Midtown shop owner never loses style

By R.E. Graswich

May 2019

Lauren Lundsten, called Lonnie by his friends, can explain why a $188 Hawaiian shirt is worth every penny.

“The design is from the Kahala company archives. Look at the rich colors. The printing is done in Kyoto on special rayon filament from a Japanese company that’s been making this fabric since the 1950s,” he says. “The tailoring is done in Hawaii. It’s engineered so the pattern lines up perfectly when you button it. You can’t even see the threads.” Lundsten has only a few special-edition shirts, and will let one go for $150, a steal.

Nobody in Sacramento can sell Hawaiian culture better than Lundsten. He has been providing customers with shirts, hats, sandals, books, music and Tiki mugs for 23 years at his island-style boutique Swanberg’s on J near 24th Street, and an earlier shop in Curtis Park. He has withstood relentless economic assaults, including the Great Recession, internet, Amazon and the city’s J Street bike-lane installation that barricaded his business for weeks and cost $5,000 in sales.

Today, as he savors the onset of another summer, the perfect season for a Hawaiian shirt merchant, Lundsten is thinking about sunsets. “I’ve been doing this a long time,” he says. “The store is going pretty good. I’d like to work another two years, and sell it to someone. That would give me 25 years, which is something I’d be proud of when I retire.”

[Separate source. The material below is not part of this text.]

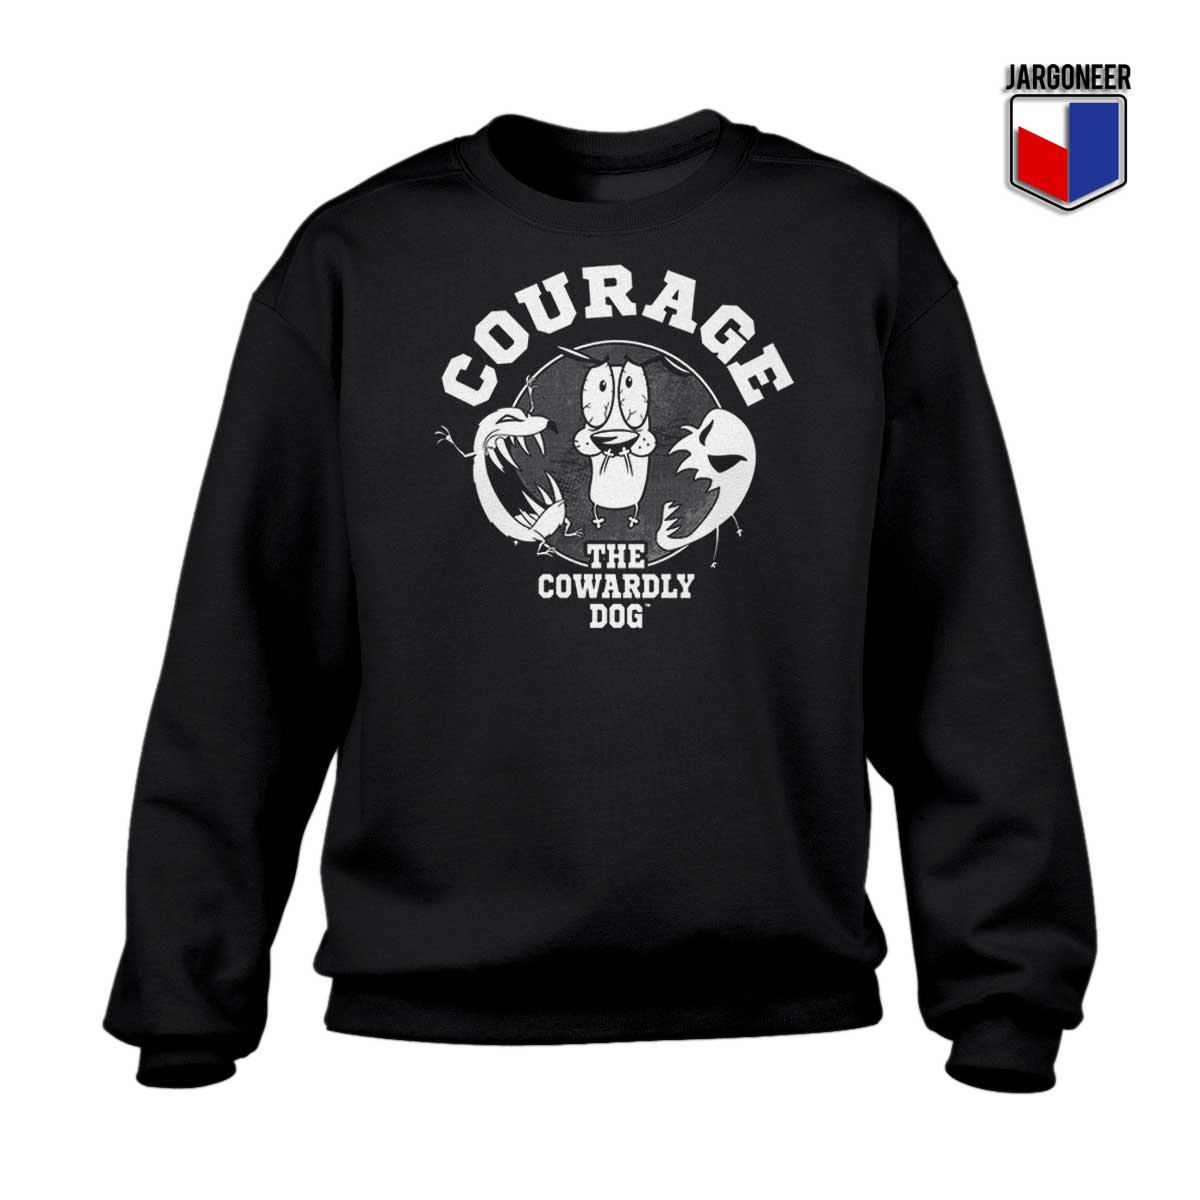 Courage and Company Sweatshirt - Shop Unique Graphic Cool Shirt Designs

Swanberg’s is a rarity among Sacramento landmarks—a retail fulfillment of one man’s dream that evolved into a viable business. Lonnie’s style is relaxed, humble and soft-spoken, which exactly describes his shop.

 

He sells Hawaiian shirts because he likes them. He also likes baseball. Prominent among the racks are vintage baseball hats and Major League Baseball team logo Hawaiian shirts designed by the legendary Honolulu firm Reyn Spooner. The marriage of baseball and aloha hits a grand slam at Swanberg’s.

“The Hawaiian baseball shirts are really popular,” Lundsten says. “Reyn does new editions each year for the Giants, Dodgers, Angels, Yankees and Cubs. There’s a new shirt for the A’s this year.”

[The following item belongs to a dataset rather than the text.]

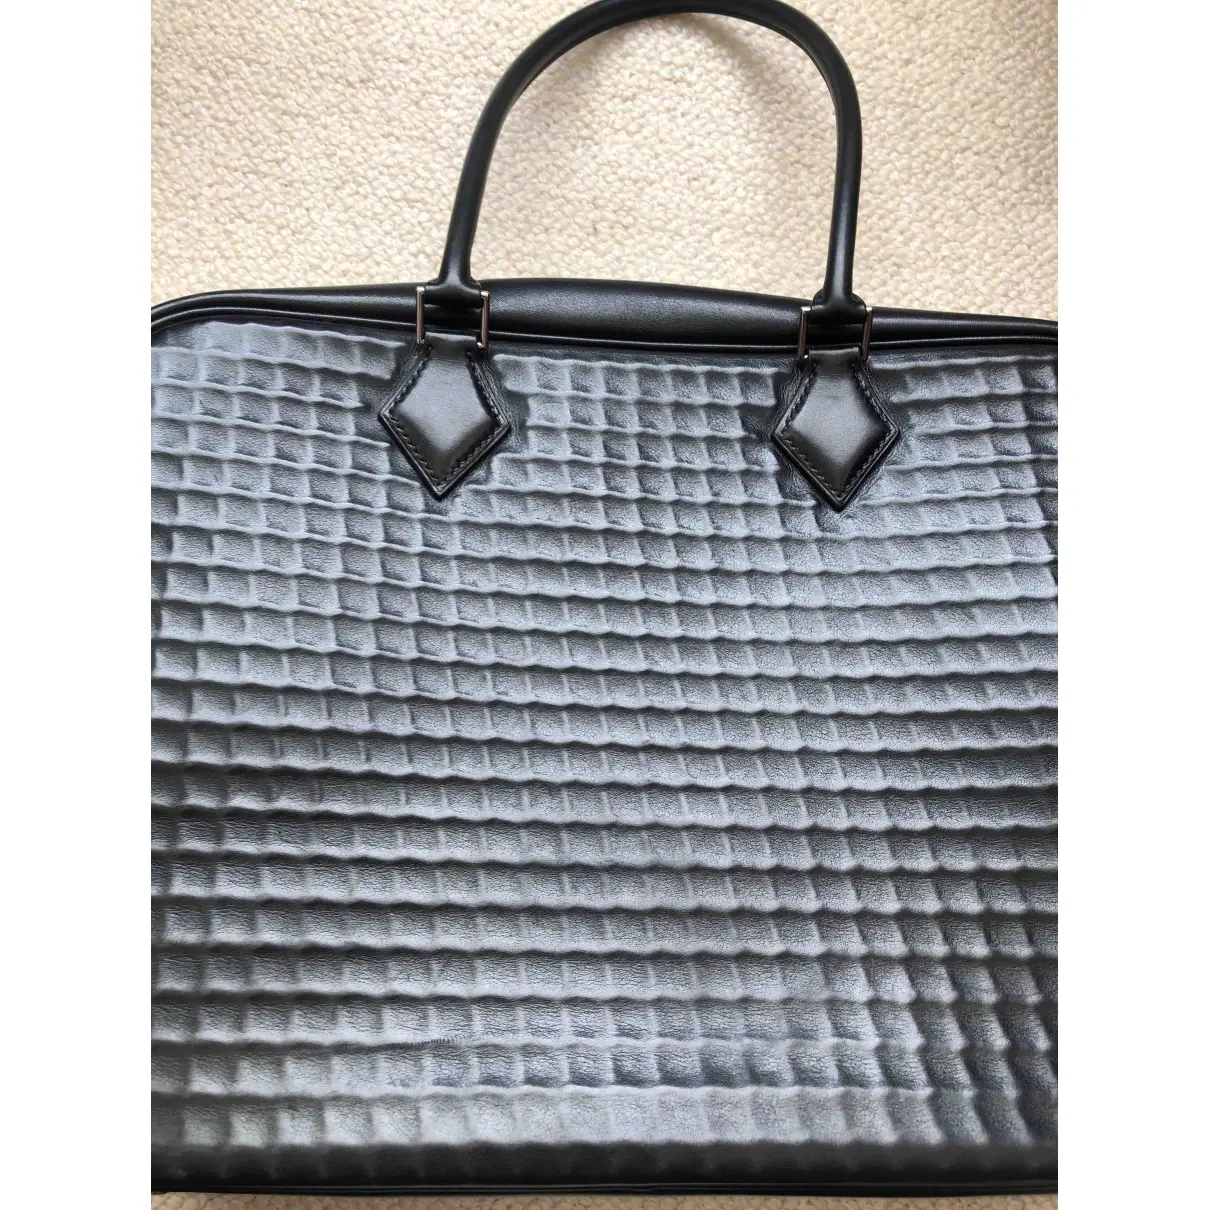 Buy Hermès Plume leather handbag online - Vintage

Lundsten is no slave to fashion. Nothing goes out of style at Swanberg’s. Even now, his bestseller is the Tom Selleck “Magnum P.I.” Jungle Bird Red shirt by Paradise Found, a relic from the 1980s. It’s always in stock. Hairy chests are not required for purchase. And the store’s back wall is a jungle of vintage joy, with more than 400 secondhand Hawaiian shirts that sell for a fraction of their original price.

“A lot of restaurant and bar people come in and buy those,” Lundsten says. “If they get them messed up on the job, it’s OK, they’re not worth too much.”

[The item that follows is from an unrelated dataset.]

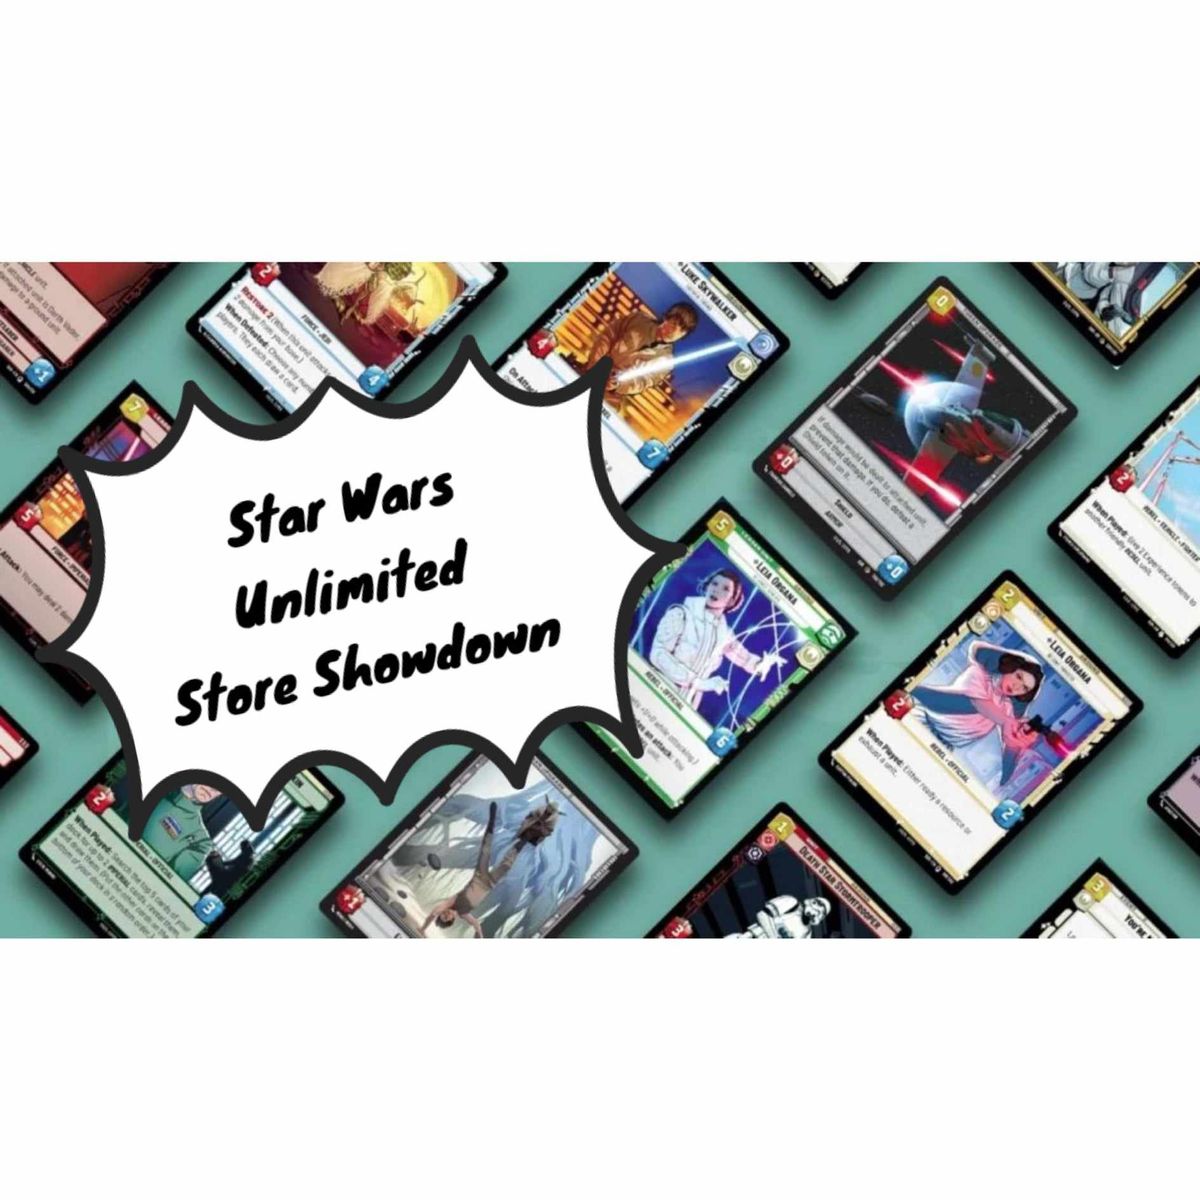 Star Wars Unlimited Store Showdown Amsterdam

Each time he makes a sale, Lundsten turns to his ultimate old-school device—a towering 1970s manual cash register liberated from a concession stand at Candlestick Park in San Francisco. He bought the machine for $100 at a West Sacramento warehouse. It carries a sticker from the concessionaire Harry M. Stevens as proof of provenance.
“I had a modern cash register, but it broke,” Lundsten says. “This one never breaks.”

As he gazes toward retirement and waits for someone to buy his shop, Lundsten can consider himself an honorable merchant in Midtown’s evolving retail narrative. He doesn’t have a website—too much trouble. He pays a homeless guy to keep the storefront clean. Lundsten was hip before the town became hip, and he never noticed.